Jacobs M, Brown N, Allie N, Ryffel B
Department of Immunology, University of Cape Town, Cape Town, South Africa.
Clin Immunol. 2000 Mar;94(3):192-9. doi: 10.1006/clim.2000.4835.
Neutralization of TNF or disruption of TNF-R1 leads to fatal Mycobacterium bovis BCG infection. Here we used TNF-LT-alpha-deficient mice to test whether a complete disruption of TNF and LT-alpha reduces further host resistance to BCG infection. The bacterial burden especially in the lungs of TNF-LT-alpha-deficient mice was significantly increased and the mice succumbed to infection between 8 and 10 weeks. In the absence of TNF-LT-alpha the granulomatous response was severely impaired and delayed. The cells in the granulomas of TNF-LT-alpha-deficient mice expressed low levels of MHC class II and ICAM-1. They contained a few T cells and F4/80-positive macrophages expressing little iNOS and acid phosphatase activity. By contrast, the lethal action of endotoxin was dramatically reduced in BCG-infected TNF-LT-alpha-deficient mice. In summary, in the absence of TNF-LT-alpha the recruitment and activation of mononuclear cells in response to BCG infection were significantly delayed and reduced resulting in immature granulomas allowing uncontrolled fatal infection.

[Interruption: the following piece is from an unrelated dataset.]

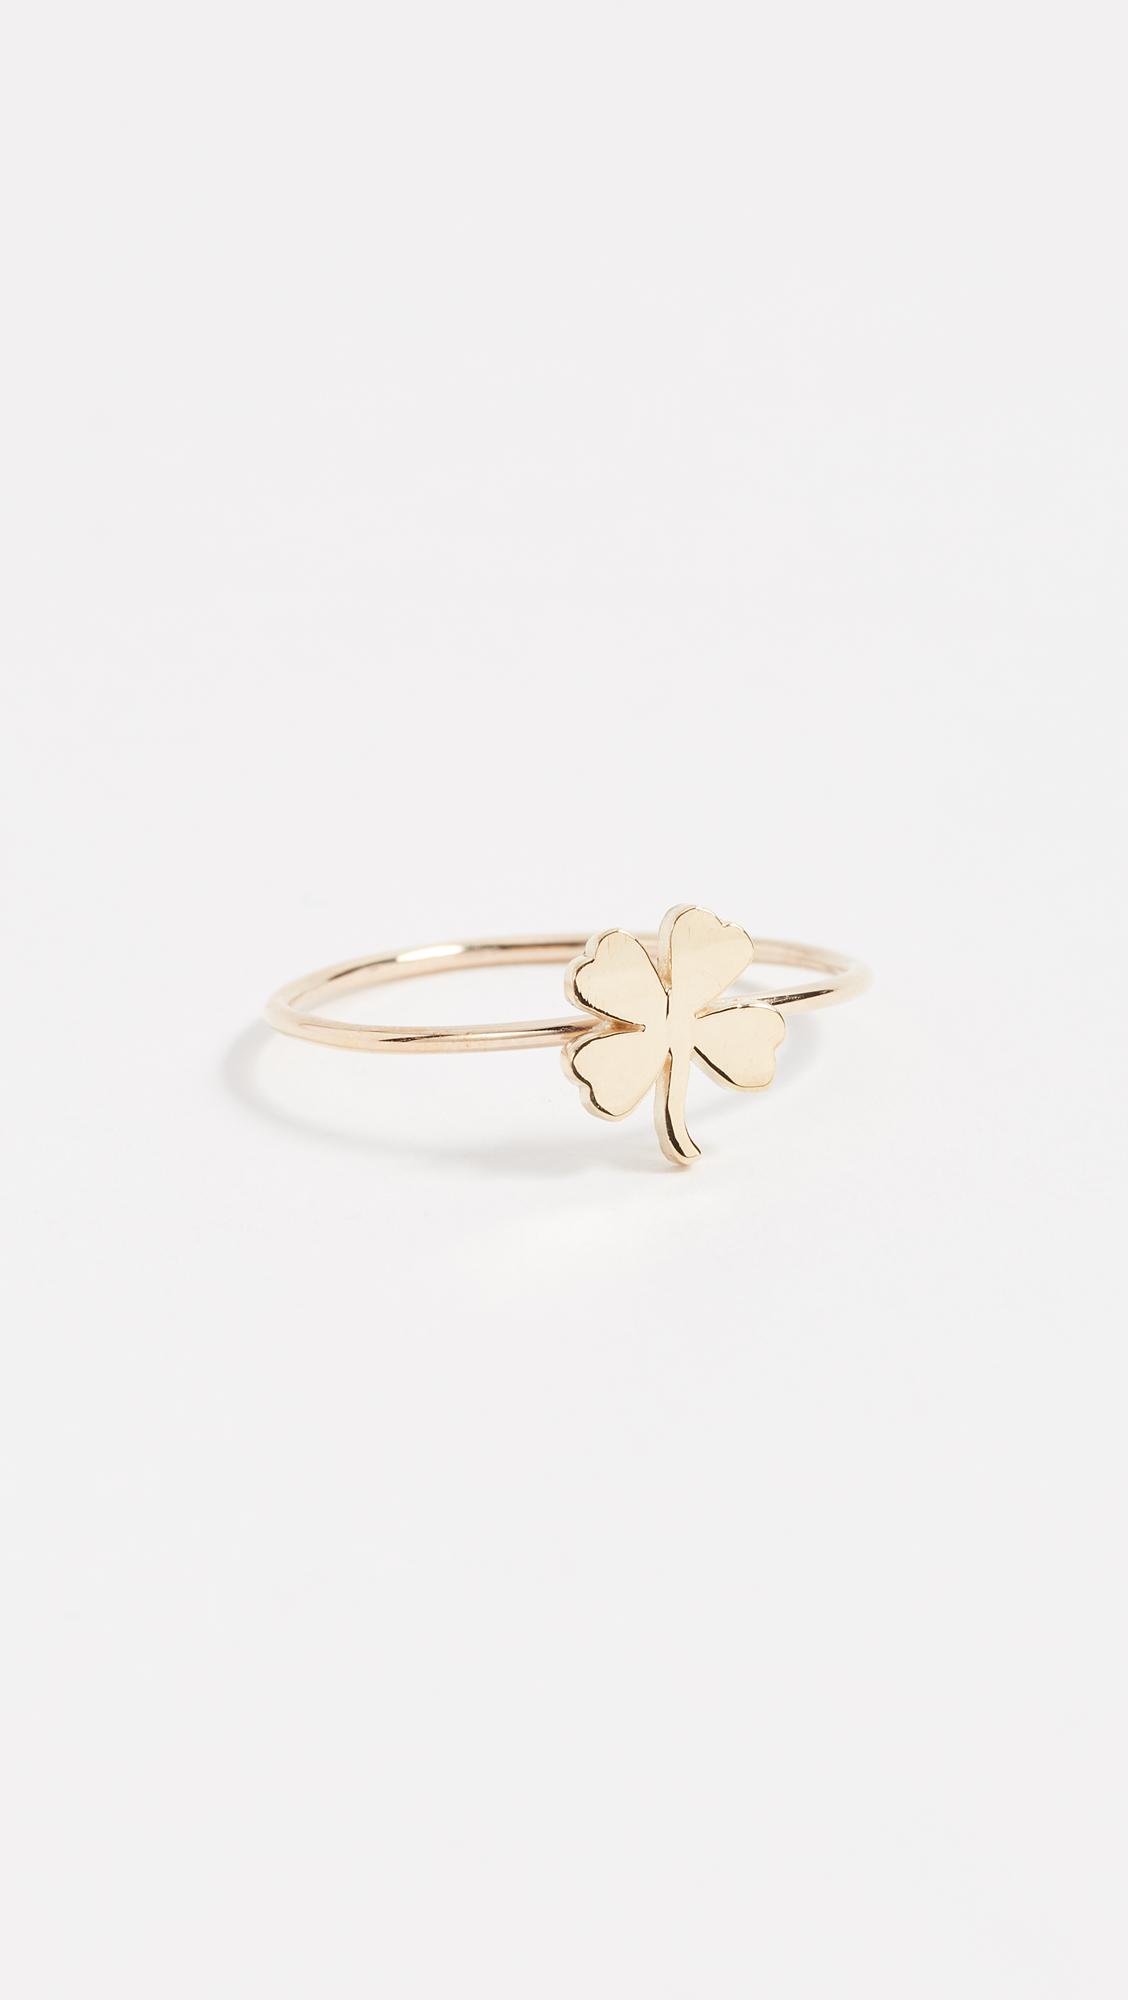 f380e7f35c0fb2 Jennifer Meyer Jewelry 18k Gold Mini Clover Ring   SHOPBOP

肿瘤坏死因子(TNF)的中和或肿瘤坏死因子受体1(TNF-R1)的破坏会导致致命的牛分枝杆菌卡介苗(BCG)感染。在此,我们使用缺乏TNF-LT-α的小鼠来测试TNF和LT-α的完全缺失是否会进一步降低宿主对BCG感染的抵抗力。细菌负荷,尤其是在缺乏TNF-LT-α的小鼠肺部,显著增加,并且这些小鼠在8至10周内死于感染。在没有TNF-LT-α的情况下,肉芽肿反应严重受损且延迟。缺乏TNF-LT-α的小鼠肉芽肿中的细胞表达低水平的主要组织相容性复合体II类分子(MHC class II)和细胞间黏附分子-1(ICAM-1)。它们含有少量T细胞和F4/80阳性巨噬细胞,这些巨噬细胞表达很少的诱导型一氧化氮合酶(iNOS)和酸性磷酸酶活性。相比之下,在感染BCG的缺乏TNF-LT-α的小鼠中,内毒素的致死作用显著降低。总之,在没有TNF-LT-α的情况下,对BCG感染的单核细胞募集和激活显著延迟且减少,导致肉芽肿不成熟,从而允许不受控制的致命感染。